David Allen
- Allen in 1962

Personal information
- Full name: David Arthur Allen
- Born: 29 October 1935 Horfield, Bristol, England
- Died: 24 May 2014 (aged 78) Thornbury, Gloucestershire, England
- Batting: Right-handed
- Bowling: Right arm off-break

International information
- National side: England;
- Test debut: 6 January 1960 v West Indies
- Last Test: 4 June 1966 v West Indies

Career statistics
| Competition | Tests | First-class |
| Matches | 39 | 456 |
| Runs scored | 918 | 9,291 |
| Batting average | 25.50 | 18.80 |
| 100s/50s | 0/5 | 1/29 |
| Top score | 88 | 121* |
| Balls bowled | 11,297 | 77,619 |
| Wickets | 122 | 1,209 |
| Bowling average | 30.97 | 23.64 |
| 5 wickets in innings | 4 | 56 |
| 10 wickets in match | 0 | 8 |
| Best bowling | 5/30 | 8/34 |
| Catches/stumpings | 10/– | 252/– |
- Source: CricInfo, 28 February 2019

= David Allen (cricketer) =

English cricketer (1935–2014)

David Arthur Allen (29 October 1935 – 24 May 2014) was an English cricketer who played first-class cricket for Gloucestershire between 1953 and 1972. He also played 39 Test matches for England between 1960 and 1966.

==Life and career==
A right-arm off-break bowler, using a very short run, Allen was first selected for England in 1959 and in 1960 was selected as the Cricket Writers' Club Young Cricketer of the Year. Allen toured all the then-current Test-playing nations. He was a decent bat, his Test average higher than the all-rounders Fred Titmus and Ray Illingworth, and in the 1963 Lord's Test against the West Indies, he notably played out the final two balls of Wes Hall's last over for a draw. Allen had protected Colin Cowdrey at the other end, who was pressed in to bat with his broken arm in plaster. In the 1965–66 Ashes series Allen made 50 not out in the Third Test at Sydney, adding 93 for the last two wickets, and took 2/42 and 4/47 as England won by an innings and 93 runs.

Allen was also famous for being taken off against Australia. In the decisive Fourth Test at Old Trafford in 1961 he took three quick wickets to have Australia nine wickets down, but Alan Davidson hit him for 20 runs in an over and Peter May took him off. Davidson and Graham McKenzie added 98 for the last wicket and Australia won by 54 runs. Nevertheless, in six winters, Allen completed the set of playing against all the other Test playing nations of the time. In India and Pakistan in 1961–62, he bowled 482 overs in the eight Test matches alone.

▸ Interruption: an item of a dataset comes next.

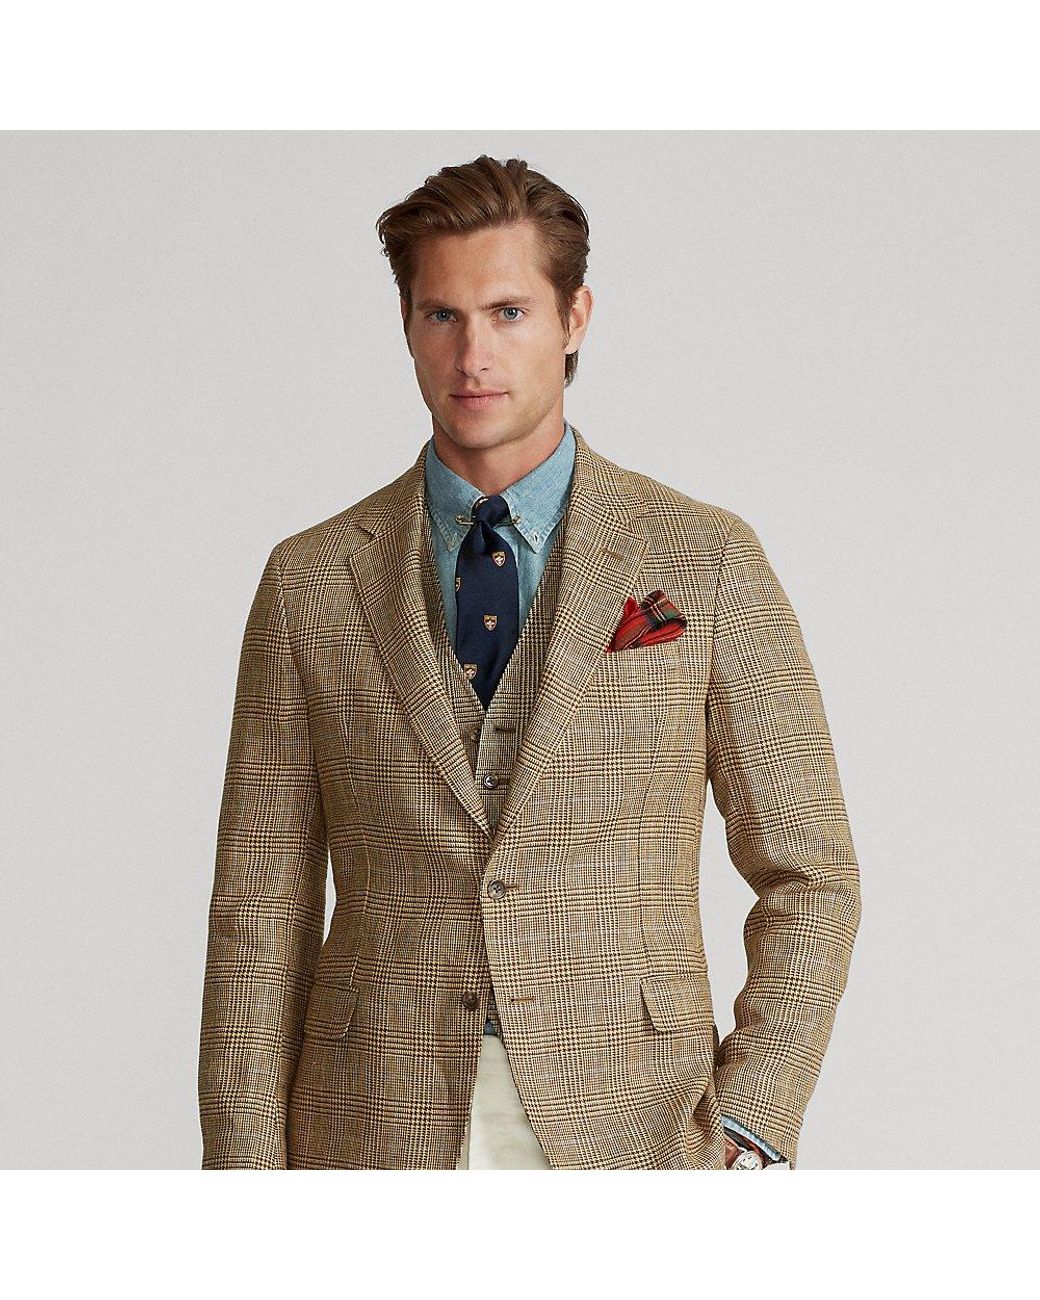 Polo Ralph Lauren Double-Knit Suit Jacket

Allen came close to developing into an all-rounder on the level of his contemporary Fred Titmus. Playing fairly regularly for England throughout the first half of the 1960s, after 1966 he found it increasingly difficult to score enough runs or get enough bowling at county level as trends changed. Gloucestershire used three spin bowlers from the 1950s onwards but by the end of the 1960s Mike Bissex and Allen were effectively doing the work of one bowler. Though Bissex lost form, the advent of Sadiq Mohammad, a useful leg spinner, saw Allen fade away from the county side in 1972. Cricket commentator Colin Bateman noted that "towards the end of his 20 summers at Bristol his relationship with skipper Tony Brown, with whom he had grown up on a cricket field, became strained. Allen even found himself left out of his own benefit match".

After he retired from cricket, Allen worked as an area manager for the Bristol wine merchants Harveys and then for Allied Domecq. He was a member of the Gloucestershire County Cricket Club committee, and was elected club president in 2011. He died in May 2014, survived by his wife Joyce and their son and daughter.